(Data shown begins)
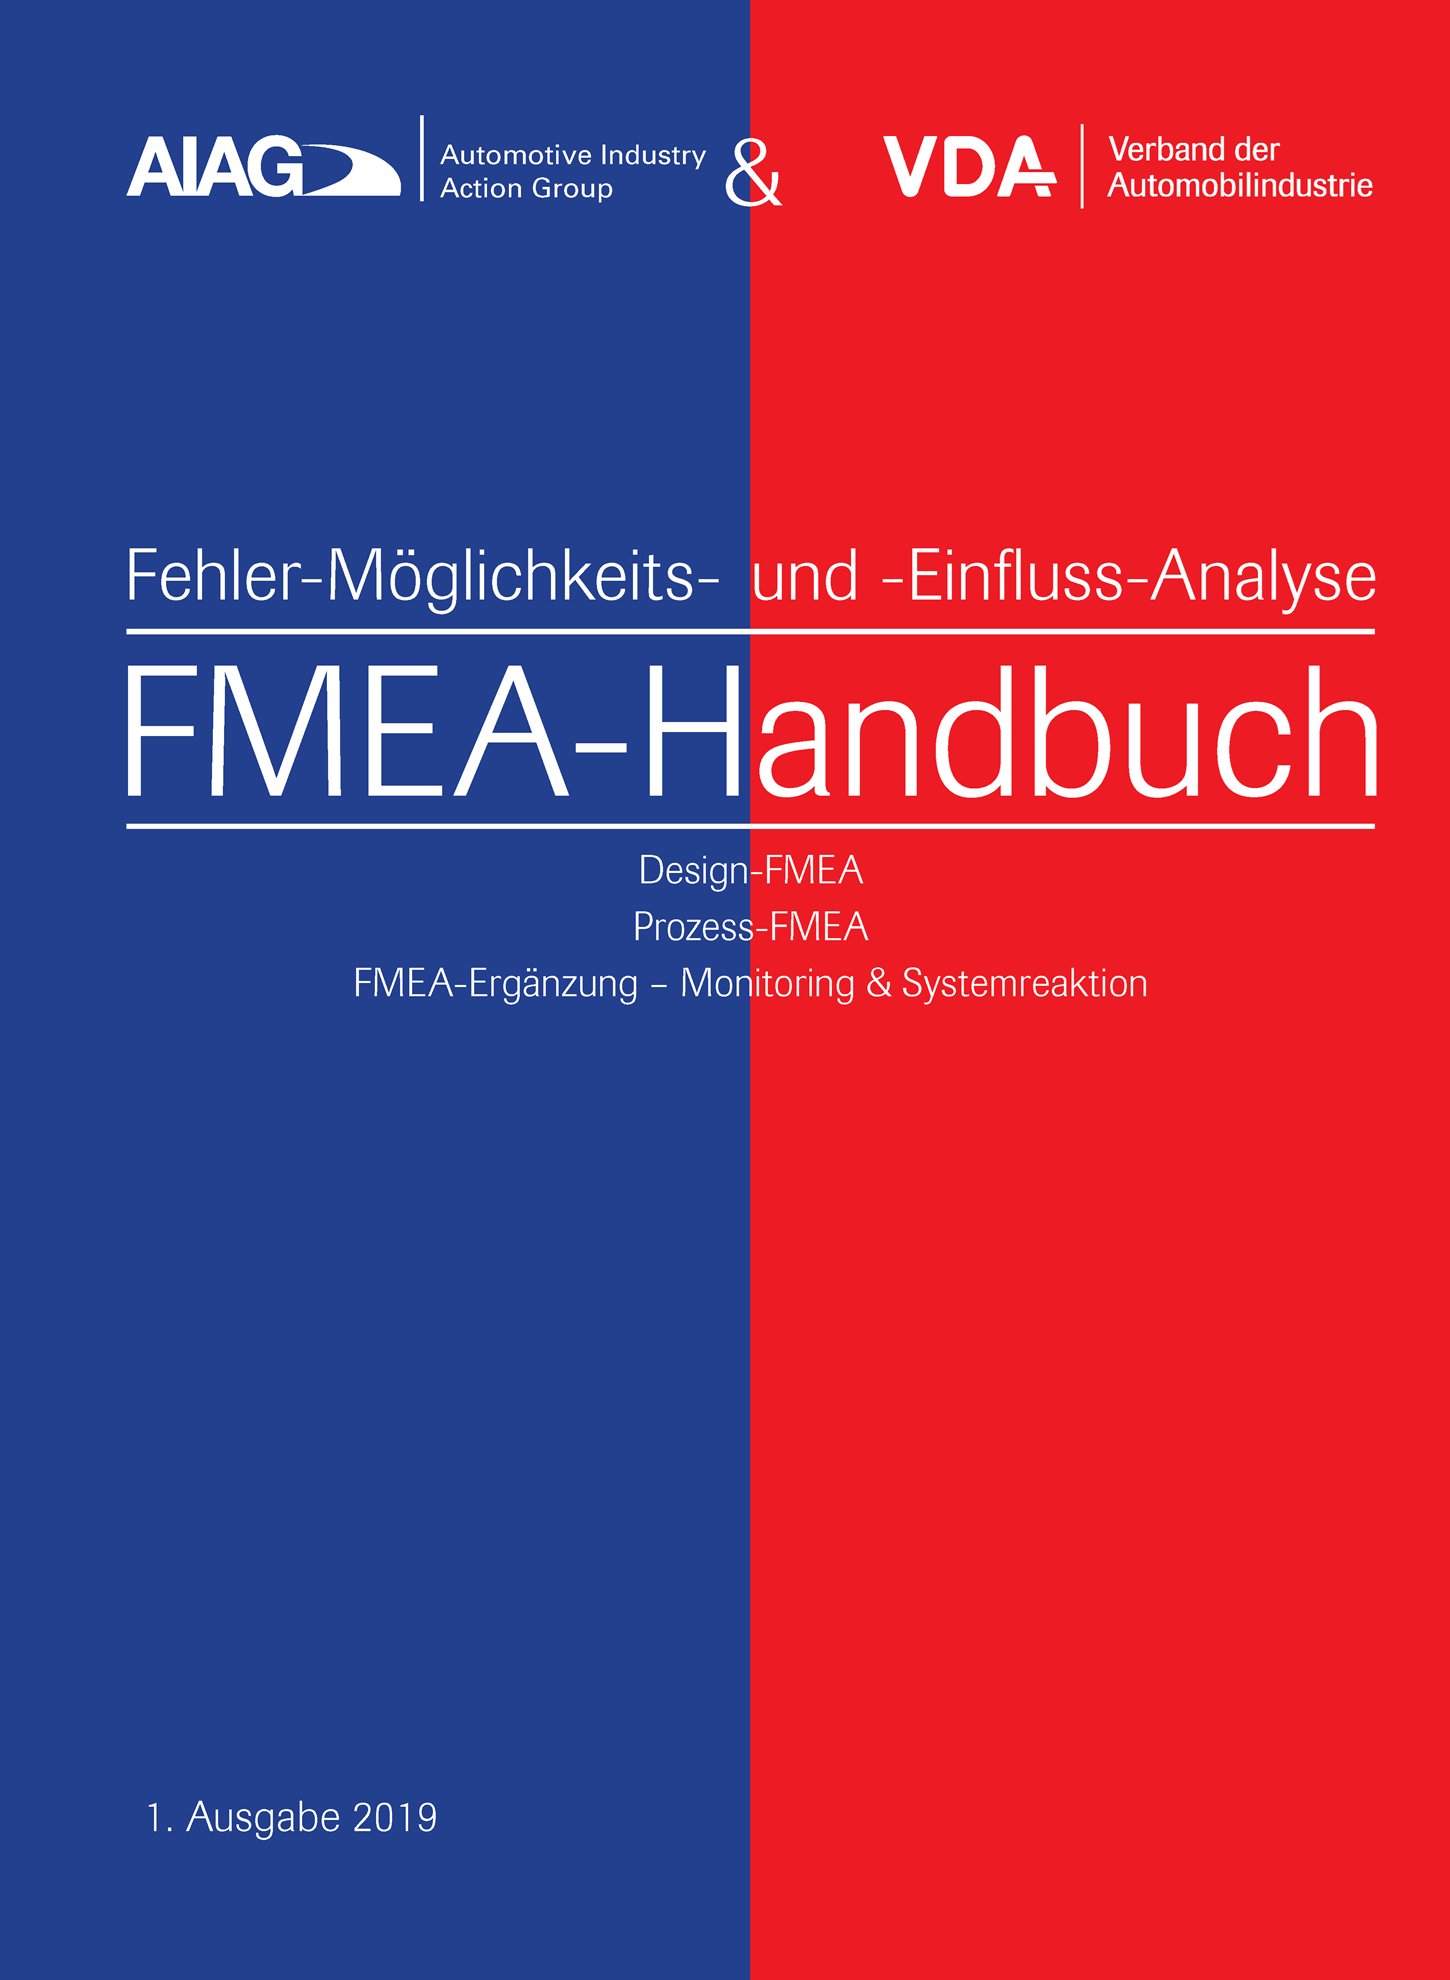 Náhľad  VDA AIAG & VDA FMEA-Handbuch
 Design-FMEA, Prozess-FMEA, 
 FMEA-Ergänzung - Monitoring & Systemreaktion
 1. Ausgabe 2019 1.1.2019
(Data shown ends)
Your objective: Output exactly the lines of the data that run from the one containing "FMEA-Ergänzung - Monitoring & Systemreaktion" to the very last line, and no others.

Output for this task:
 FMEA-Ergänzung - Monitoring & Systemreaktion
 1. Ausgabe 2019 1.1.2019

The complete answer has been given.